Advocacy groups are encouraging the British Columbia government to overhaul the commission that regulates BC Hydro and other utilities so that it can better support a transition to cleaner energy and other provincial goals.
With processes coming early next year that will determine energy policy for years into the future, widening the B.C. Utilities Commission’s mandate needs to happen soon, the seven groups say.
“The BCUC now makes its decisions in largely the same way it has since its inception,” said Dylan Heerema, the policy and research lead on community energy for one of the groups, Ecotrust Canada. “It tries to keep rates as low as possible and tries to maximize the economic efficiency of the utilities’ operations across all of the ratepayers.”
That mandate made sense 50 years ago amid concerns that utilities would take advantage of their monopolies to make rates unfairly high, he said, but now that economic lens has become a “significant barrier” to needed change.
Ecotrust and the other groups sent a June 17 letter to B.C. Energy, Mines and Low Carbon Innovation Minister Bruce Ralston and Environment and Climate Change Strategy Minister George Heyman. In it they argued changes need to be made before 2022 when the BCUC will consider BC Hydro’s Integrated Resource Plan as well as the utility’s Rate Design Application.
The IRP is a 20-year-plan for how much demand the utility expects for electricity and where the power will come from to satisfy that demand. The RDA is BC Hydro’s plan for how to structure residential electricity rates and could include a switch from the current two-tier system that charges households a higher rate after they’ve used a base amount.
“These proceedings will determine how B.C.’s largest utility plans for future demand and electrification of the economy, how electricity will be priced, and what support will be offered to households facing unaffordable energy bills,” the groups said.
“Future proceedings will also determine whether a meaningful signal is sent to B.C.’s utilities that the use of fossil fuels like natural gas must begin a phase-out if the Province is to make good on its legislated climate commitments and sectoral targets.”
Groups signing the letter included the B.C. Public Interest Advocacy Centre, Pembina Institute, Canadian Urban Sustainability Practitioners, Create Climate Equity, Kambo Energy Group and the West Kootenay EcoSociety.
The groups are “concerned that the current mandate of the B.C. Utilities Commission... is currently limited in its scope to such an extent that it does not enable the Commission to adequately consider B.C’s energy, climate and equity objectives in these upcoming proceedings,” they said.
Nor could it take into consideration the goal of advancing reconciliation with Indigenous communities wanting autonomy as they build and transform their energy systems.

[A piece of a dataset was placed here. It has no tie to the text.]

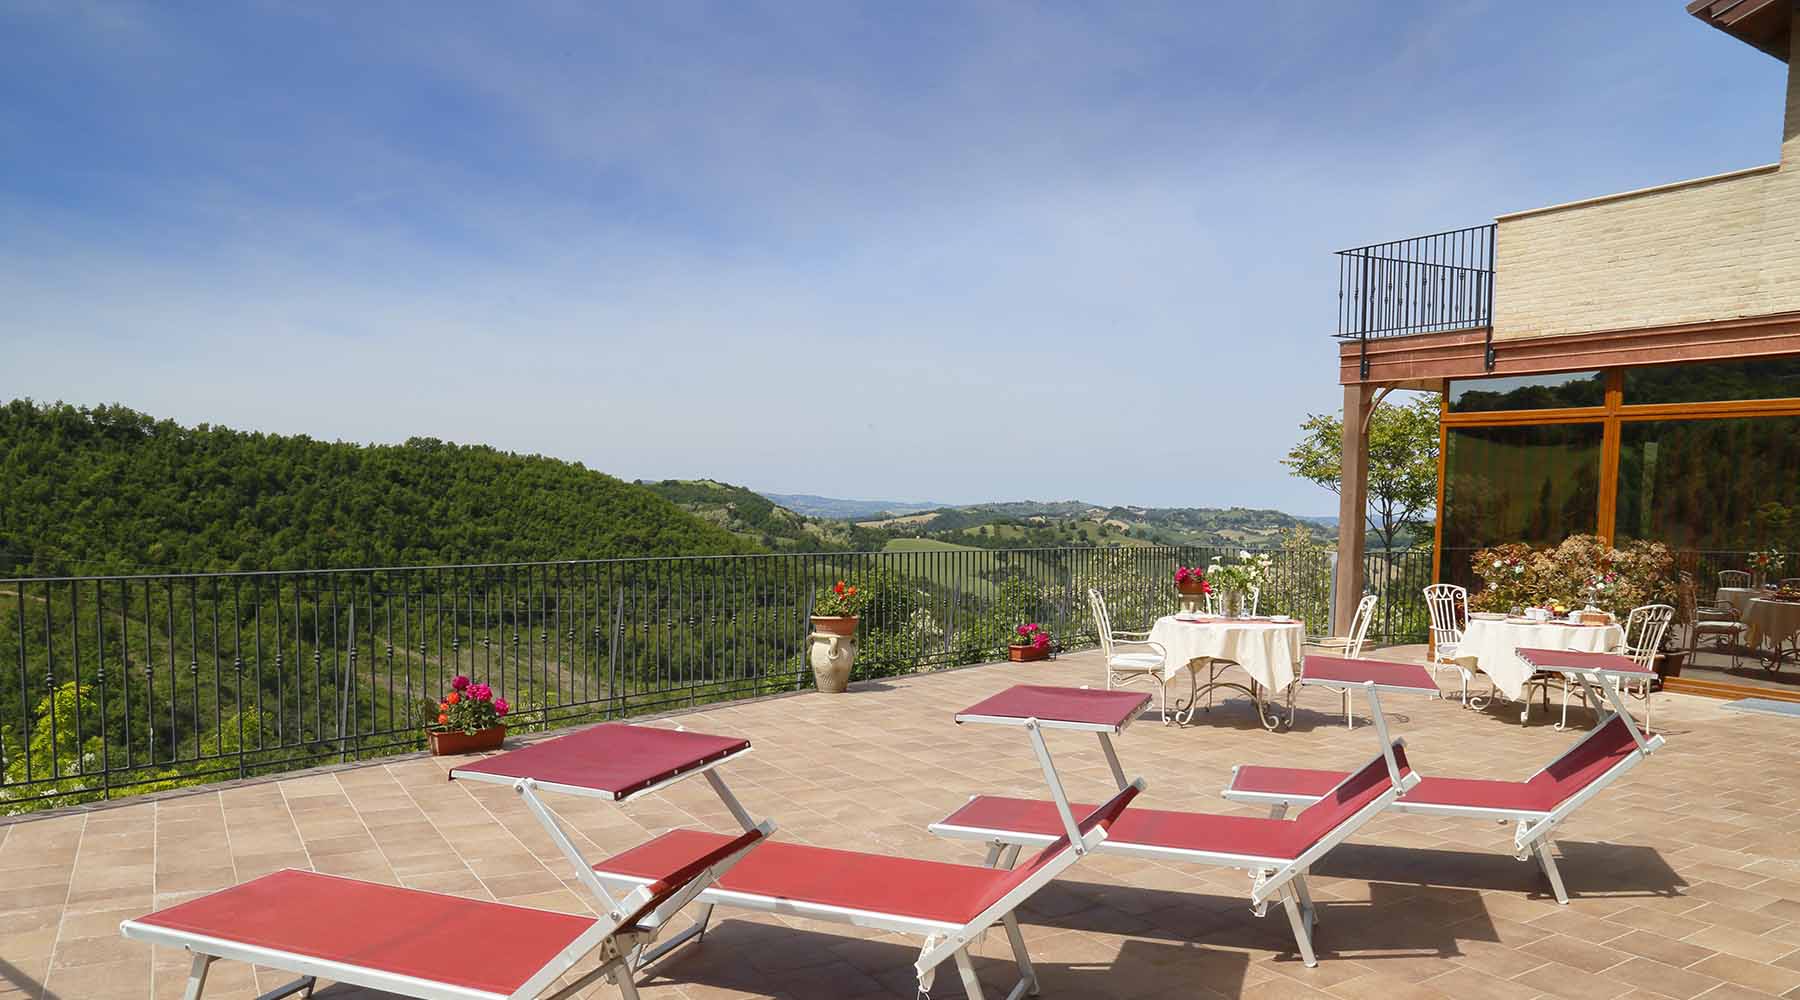 Terrazza sul bosco Albergo - Hotel - Urbino - Marche - SPA - Centro Benessere - Hotel a Urbino

“As B.C. looks toward a clean energy future, we urge you to consider the critical role that the Commission will play, either in accelerating or holding back, the energy transition and energy justice we need to protect the public interest and British Columbians’ futures.”
Minister Ralston was unavailable for an interview.
“We are currently reviewing the letter that the organizations have sent and appreciate their interest and advocacy in support of BC’s electrification, climate, and equity goals,” Ralston said in an emailed statement.
“Government is grappling with these very issues as part of the BC Hydro Comprehensive Review and plans to release further actions and next steps from that process in the near future,” he said. “We also recently provided direction to the BCUC to approve a discounted electricity rate to encourage fuel-switching and attract new clean industries like green hydrogen, as well as to ensure continuation of the Customer Crisis Fund.”
The Environment Ministry referred questions to the Energy Ministry.
Heerema said the limitations of the BCUC were recently on public display when it ruled against BC Hydro continuing the Customer Crisis Fund that provided grants of up to $600 to households facing disconnection when they couldn’t pay their bill due to a temporary financial crisis such as a job loss, unexpected medical expense or death in the family.
While the government can make directions to the BCUC, as it did with the crisis fund, he said, “It’s a very inefficient way of doing things and things do slip through.”
Aligning the BCUC’s mandate with the government’s goals would make much more sense, he said, noting the commission continues to approve new natural gas infrastructure and a rate structure for residential electricity that penalizes households that might use it for heating or to power an electric vehicle.
“Their definition of public interest doesn’t really include meeting our climate targets,” he said.
Or as the groups put it in their letter, “Given appropriate enabling legislation and direction, the Commission could be playing a leading role in enabling the transition toward a low-carbon, affordable and equitable energy system.”